ON SE DEMANDE BIEN POURQUOI METTRE A L’INDEX
Posté par francesca7 le 8 mars 2015
EXPRESSION FRANCAISE
Mettre quelqu’un à l’index ce n’est pas exactement le montrer du doigt ; c’est l’exclure, le rejeter. L’Index, celui qui a donné naissance à la locution, est un « catalogue des livres suspects dont le Saint Siège interdit la lecture » (Littré). L’institution de cette liste d’ouvrages à odeur de soufre date d’un décret du concile du Trente de 1563. Il visait aussi bien les livres de sorcellerie que les publications hérétiques, lascives ou obscènes, dont les auteurs comme les lecteurs éventuels étaient également à fuir par quiconque voulait assure le salut de son âme.
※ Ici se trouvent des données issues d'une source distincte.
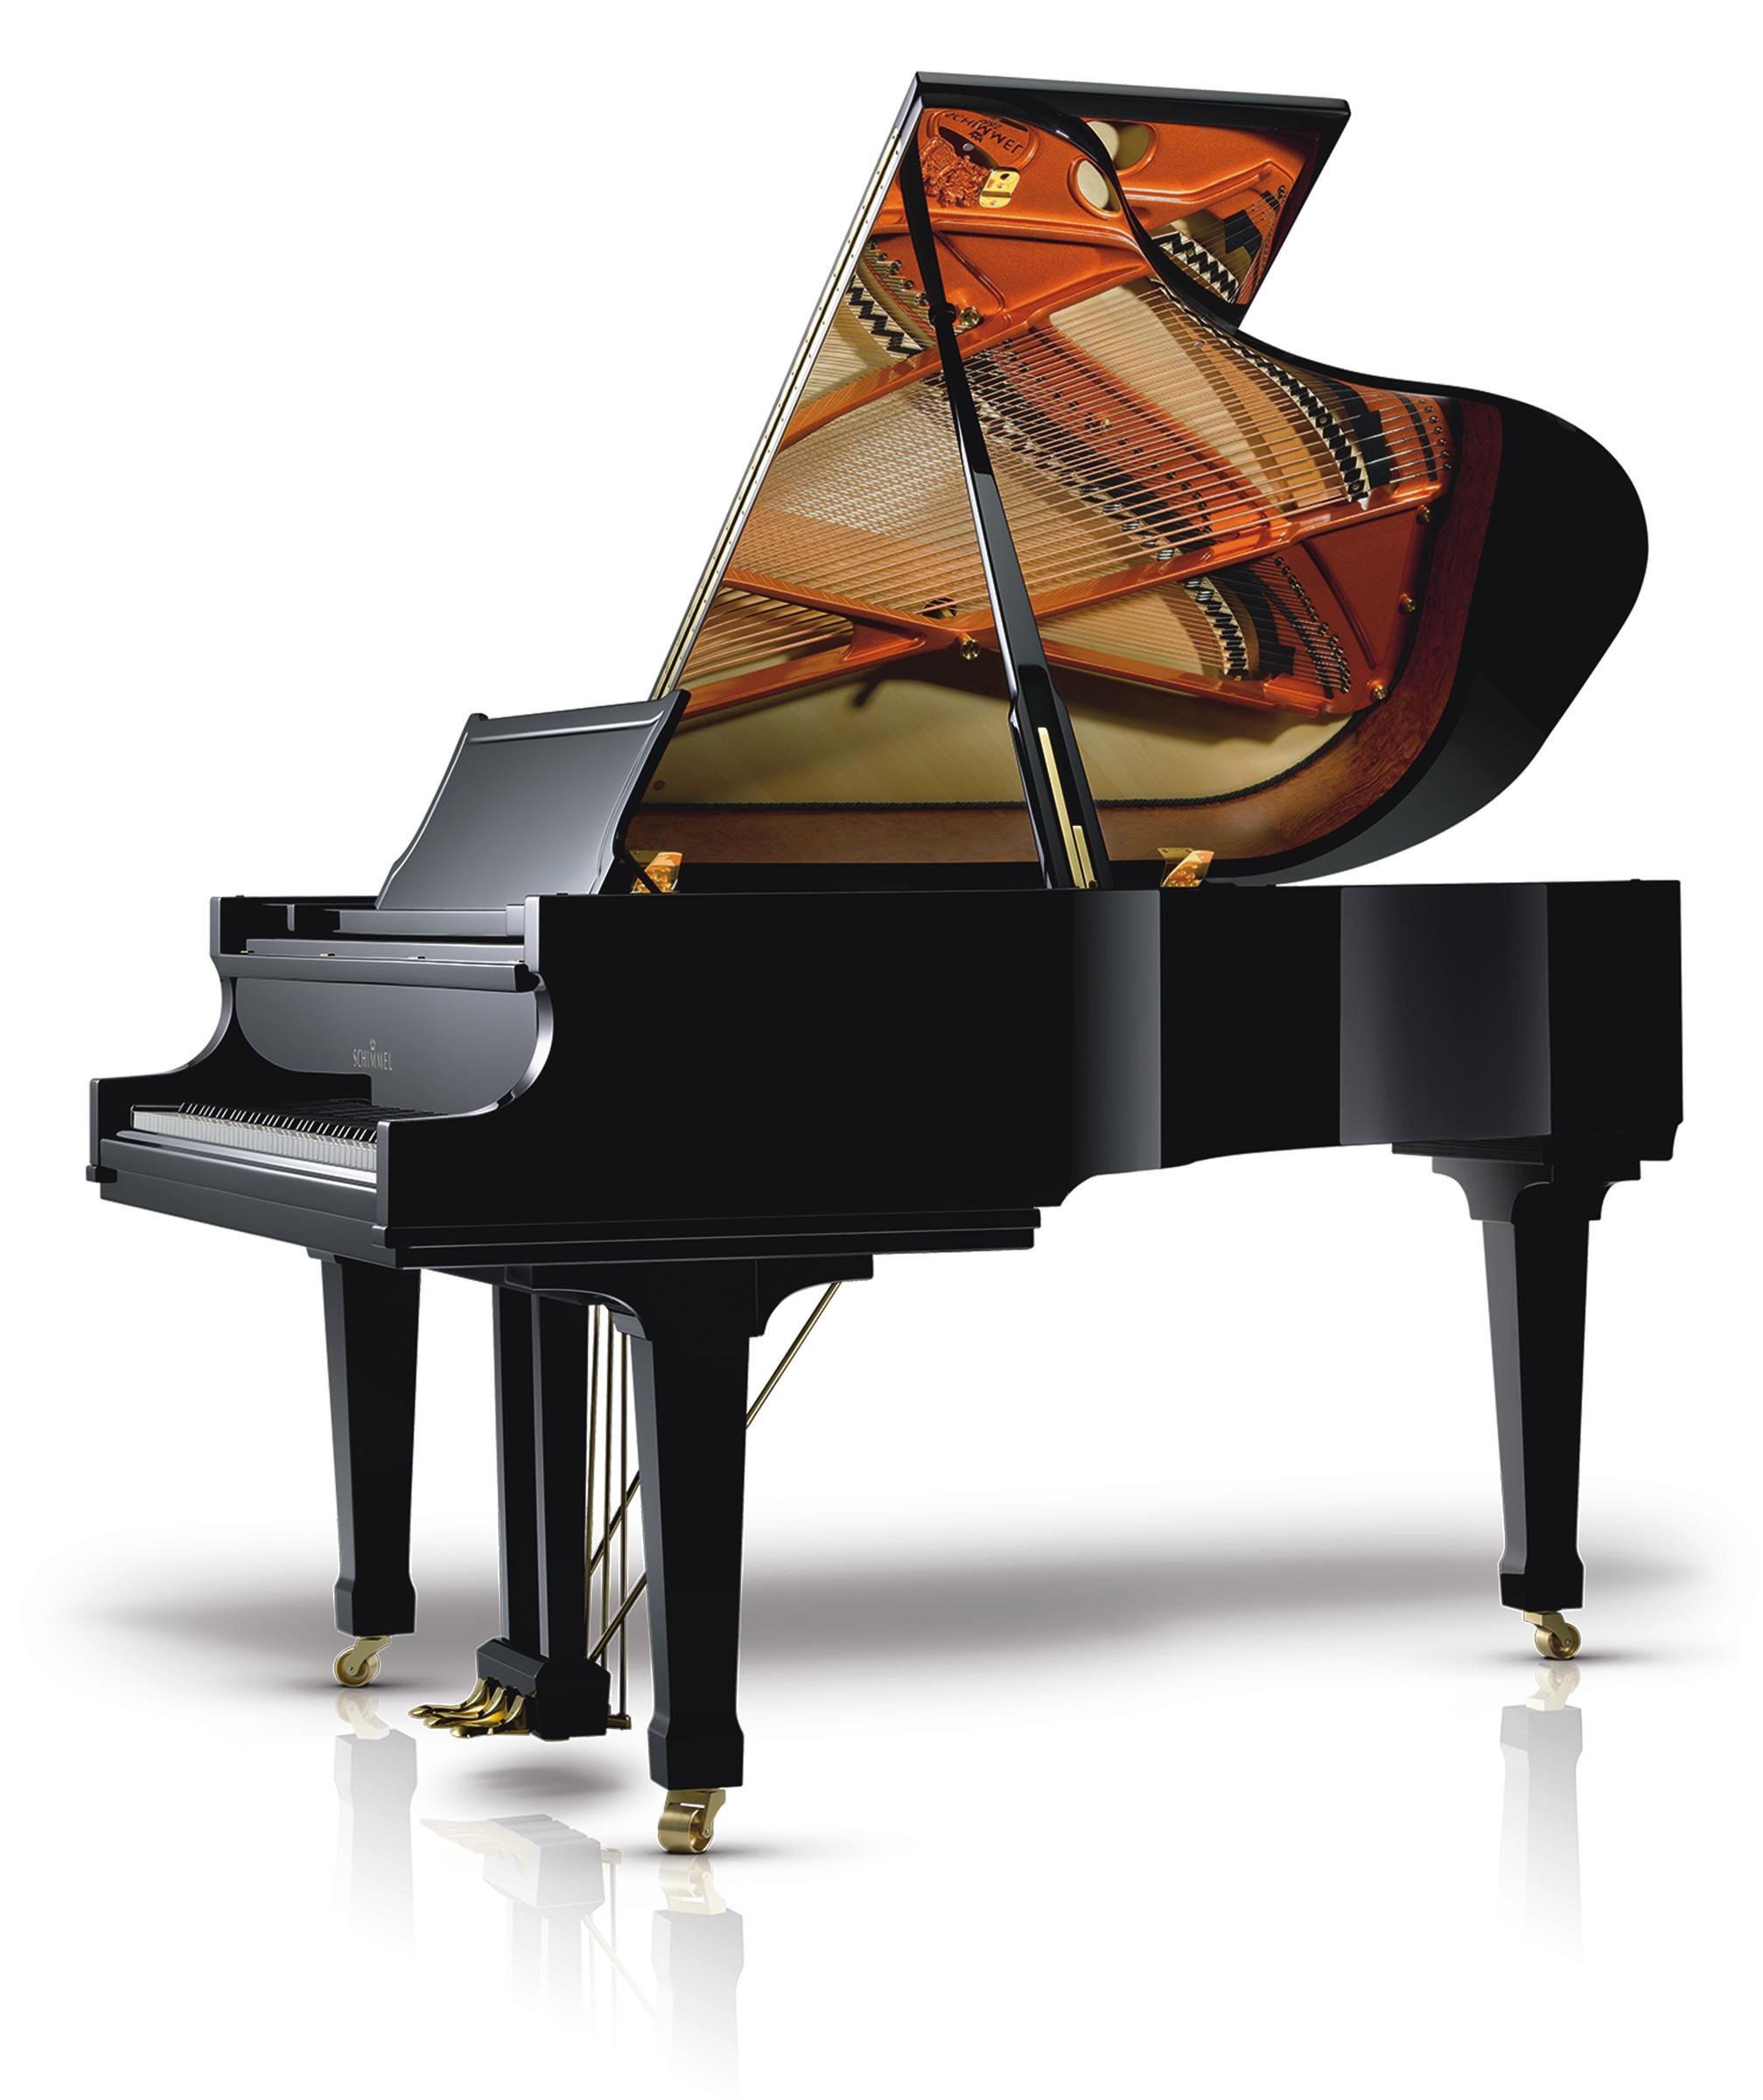 Yamaha Classic Collection Grand Piano

Le monde évolua. Au XIXè siècle les ouvriers organisés en sociétés qui préfiguraient les organisations syndicales reprirent l’expression à leur compte. Ils pratiquaient la mise à l’indes, des patrons qui n’appliquaient pas les conventions de salaires d’une profession donnée, en refusant de travailler pour eux. Voici la description qu’en fait E.Boutmy, racontant les luttes des adhérents de la Société typographique en 1868 :
« Un petit nombre de maisons à l’index, c’est-à-dire dans lesquelles aucun sociétaire ne pouvait accepter de travail sous peine de déchéance, employèrent les typographes qui n’étaient pas entrés dans l’association ou qui pour un motif ou pour un autre, en étaient sortis ; d’autres en petit nombre aussi, occupèrent des femmes ».
Bientôt, un mot venu d’Angleterre allait prendre le relais de l’expression d’Eglise ; dans son numéro du 3 octobre 1897 Le Père Peinard, citant un rapport du congrès de la Sociale à Toulouse, donne l’évolution du mot boycottage, lequel ne doit plus rien au Vatican :
« Le bycottage n’est autre chose que la systématisation de ce que nous appelons en France la mise à l’index (…). Ses origines sont connues. En Irlande, le régisseur des énormes domaines de lord Erne, dans le comté de Mayo, le capitaine Boycott, s’était tellement rendu antipathique par des mesures de rigueur envers les paysans que ceux-ci le mirent à l’index : lors de la moisson de 1879, Boycott ne put trouver un seul ouvrier pour enlever et rentrer ses récoltes ; partout, en outre, on lui refusa les moindres services, tous s’éloignèrent de lui comme d’un pestiféré.
Le gouvernement, émotionné, intervint, envoya des ouvriers protégés par la troupe, mais il était trop tard ; les récoltes avaient pourri sur pied. Boycott vaincu, ruiné, se réfugia en Amérique »
Les mots sont des actes : le verbe boycotter connut un succès fulgurant. Dès l’année suivante, 1830, il passait en français.